Tillerson's exit should not leave Washington hawkish

Source:Global Times Published: 2018/3/14 8:12:53

Rex Tillerson is out as the US Secretary of State as of Tuesday, following US President Trump's announcement in a tweet. Trump indicated CIA Director Mike Pompeo is his choice to replace Tillerson as the new Secretary of State. Trump also picked Gina Haspel, CIA deputy director, as the first woman nominee to head the CIA. US media has digested the decision as Trump firing Tillerson from his post.

Although the predictions by the US media of Tillerson's leaving have been brewing for some time, the abruptness of the incident came as a surprise. Tillerson is perhaps the lone Secretary on record exiting inside 14 months—not through resignation, but by outright dismissal.
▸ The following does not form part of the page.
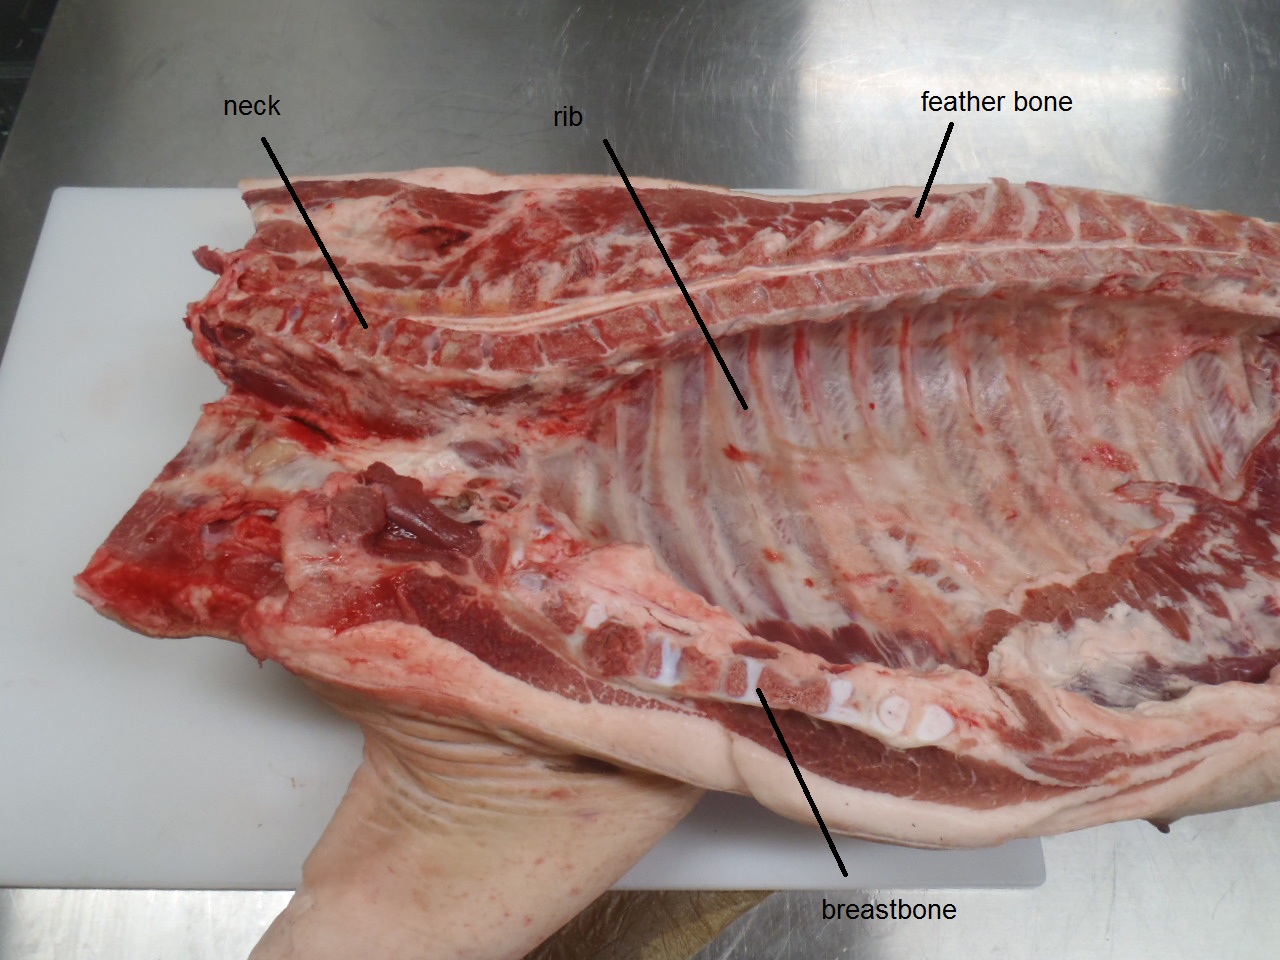 The front end of the pig, showing the neck bones, ribs, and breastbone

But Tillerson is not the only one. Before him, over a dozen high officials in the Trump Administration left their posts. This indicates, one can reasonably argue, a lack of willingness or ability on Trump's part to see disagreements resolved. As the tribulations inside the Trump Administration mount, such news foretells of a lack of decision and efficacy in Washington on the global stage.

Washington's half-handed way in which diplomacy is dealt has become a cause of concern. The recent transformation in US-North Korea relations is a perfect example. Last year, intense animosity reigned between the two nations, and now, unexpectedly, the two leaders decide to meet. This unpredictability is evident also in the US' stance on other issues, such as climate change, world trade, and the status of Jerusalem.

Rumors are circulating about Trump's National Security Advisor H.R. McMaster's impending exit. If this is true, Trump's national security team has suffered a total reshuffle since trump took office in 2017.

What's particularly worrisome is that most of the people departing are perceived moderates in their modus operandi and views on foreign policy than the ones who remain. This far-reaching reshuffle seems to have increased the prospects of a more hawkish Washington.

Mike Pompeo graduated from West Point. As a Republican, he represented the 4th congressional district of Kansas before he was sworn in as CIA Director. He is known for his stern views. Pompeo was criticized in 2013 by Muslim communities for asserting their silence on violence committed by "extremists" was "deafening." Compared to Tillerson, Pompeo is considered closer to Trump in international issues, both on and off the stage.

How far the Trump administration is willing to go in this cat-and-mouse game remains a gambler's guess. Understandably, Trump might be seeking the high grounds of artful bartering while pushing along Trump's "America First" strategy. However, unlike the more restrained Tillerson, the president's new expert Pompeo is likely to add more foam to the top, leading to uncertainty and a higher risk.

The US government exerts its power, transnationally, through its diplomatic policies. But, these policies will fast turn to old ploys if they are saddled by the stagnated power of a superpower in disarray, such as the US these days. The American public expect their leaders to accomplish feats, in both the domestic and foreign arenas, but they hardly have endowed their president with the power to make perilous decisions. In this respect, the predicted rise of hard-liners in Washington remains doubtful.

The team set up by Trump after his election was considered "tough." Nonetheless, its members waffled soon, and fell by the wayside. There is little reason to believe this pattern will not extend to the newly assembled administration.

As to the rearrangement's impact on China, it is worth noting Tillerson was not the deciding factor in the Trump administration's policy toward China. Therefore, his departure will not be a deciding factor either in this respect. How Pompeo resolves to act, however, remains mainly a Pompeo decision.

"… If I had to pick one with a nose above the other, I'd probably pick China," Pompeo said to a reporter in a comment he made on China's rising status as a "rival." Pompeo will certainly learn few new things about China in his post as the US Secretary of State. It is sincerely hoped that he will forge a more objective understanding of China.

As the Sino-US relationship is of enormous significance to the US, past administrations have approached bilateral issues with caution, and respected unswervingly norms established over the years. Building consensus has consistently proven to be more beneficial for America than acting impulsively.